Чего-чего только нет в столе Василия Петровича! Тут и изглоданная жуками, словно расписанная дорожками, сосновая кора, кружки и кусочки дерева разных сортов и фасонов, узловатые корневища, сосновые и еловые шишки, пузырьки с разноцветными жидкостями и много всего такого, что нам хотелось бы не только посмотреть, но и переложить все по-другому, по-своему: деревяшки подтесать ножичком; пузатенькие пузырьки для красы расставить по подоконникам рядом с цветами, а из жестких наростов, снятых с деревьев, вырезать «чертиков».

Туманов не мешает нам любопытствовать. Он сидит на койке, прикрыв глаза, и мы, чтобы не потревожить его, переговариваемся шепотом, ходим на цыпочках. Леньку интересует белое покрывало на стене, которое ни окна, ни вешалок с одежкой нё прикрывает.

Зинцов заглянул под него и позвал нас шепотом:

— Идите сюда!.. Посмотрите, что тут есть!..

На стене под занавеской огромная стая бабочек. Они сидят неподвижно, забравшись под стекло в широкую рамку. Крылья у всех распущены, словно напоказ. Тут и маленькие, неказистые с виду, каких мы сотни раз сами ловили, и на редкость огромные, каких, пожалуй, даже и не видывали. Белые, красные, бархатисто-темные, прозрачно-желтые, пепельного цвета, розовые, пестрые — все так и лепятся крыльями одна к другой.
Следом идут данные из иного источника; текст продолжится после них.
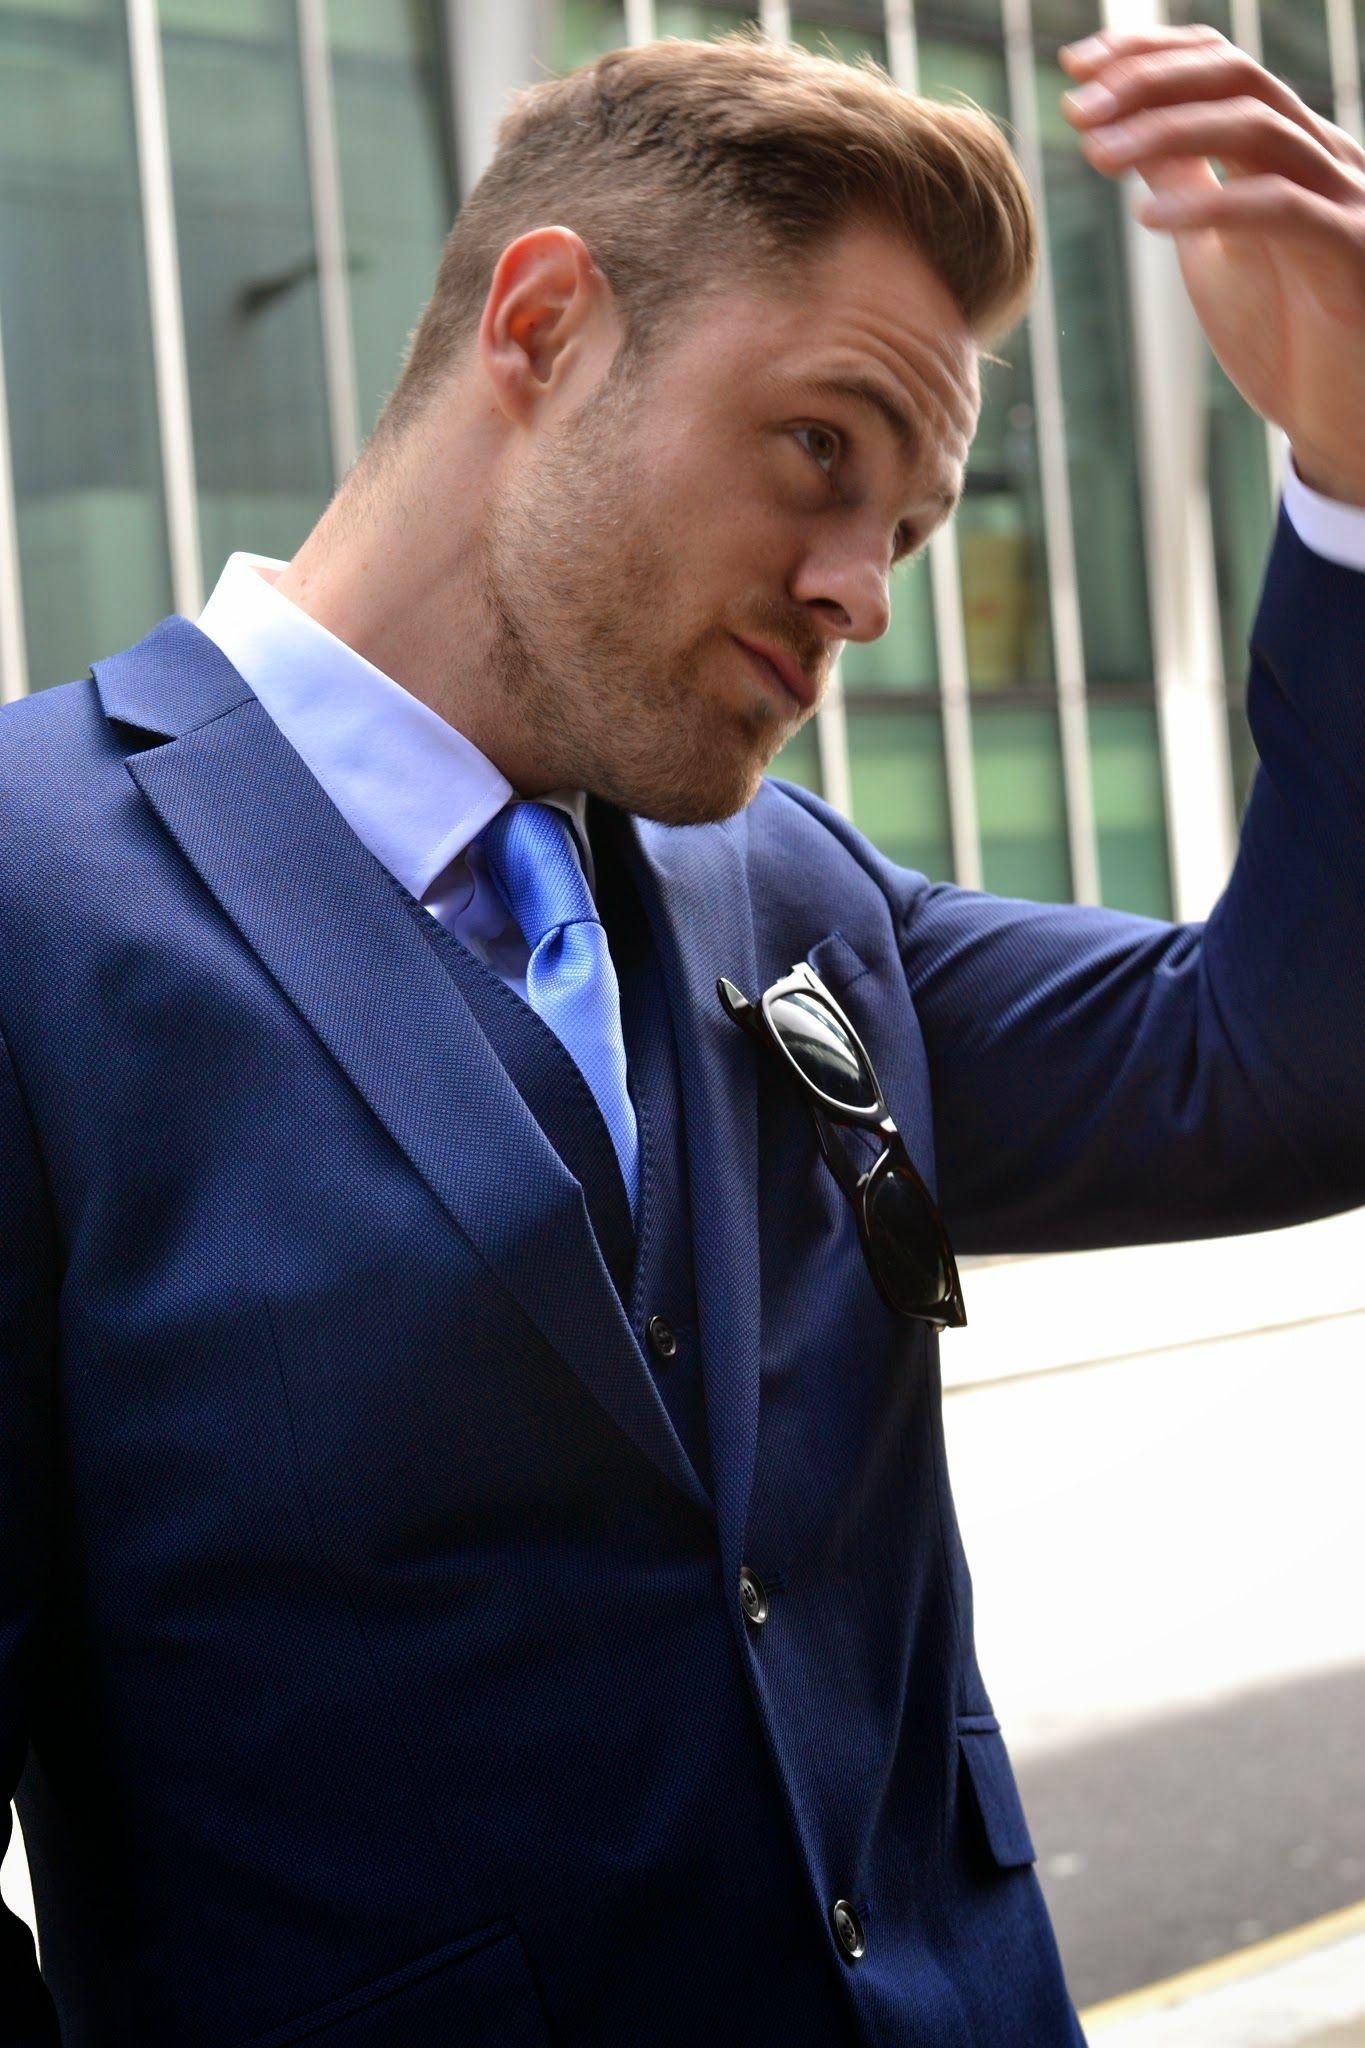 Ben fromTwenty First Century Gentwears a super durable M&S suit
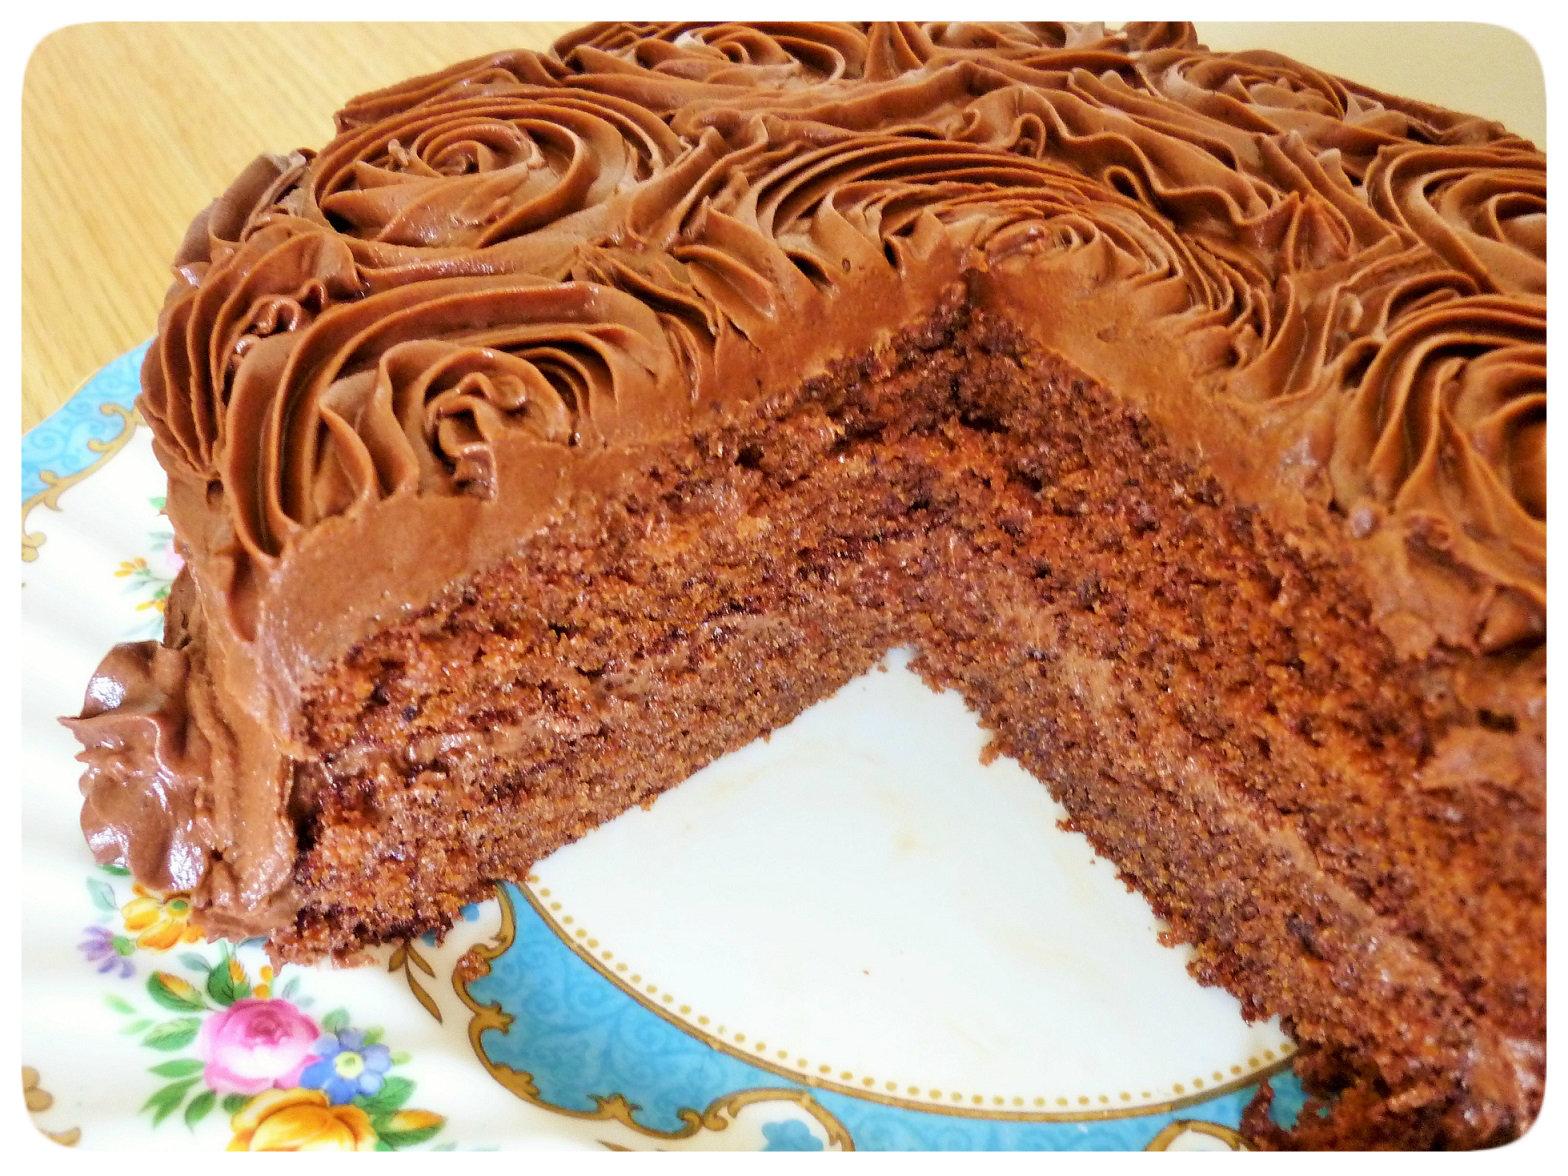 Chocolate Buttercream Icing Recipe For Cake Decorating

А между бабочками гусеницы разные вытянулись: жирные, волосатые, с виду неприятные. На них даже смотреть не хочется. В другой рамке — жуки: серые, рыжие, зеленые, коричневые. Тут крупные и мелкие, шершавые и гладкие, в полоску и в крапинку. У некоторых усы больше самого жука во много раз, да еще и с кисточками на концах.

Костя, как старший и более нас с Ленькой соображающий в науках, объясняет, что все эти бабочки и жуки неживые, не сами залетели, а Туманов ловит и прикалывает их сюда.

— И «королева» ему тоже ловит. Помните, у сторожевого гнезда говорила. Туманов их сушит и сюда булавочками прикалывает. Тут и вредные и полезные, которые — все на виду. Если попросить, Туманов про каждого жука и бабочку может подробно рассказать.

Спросить бы, но Туманова беспокоить мы не решаемся. Он, кажется, заснул, сидя в ожидании бабушки.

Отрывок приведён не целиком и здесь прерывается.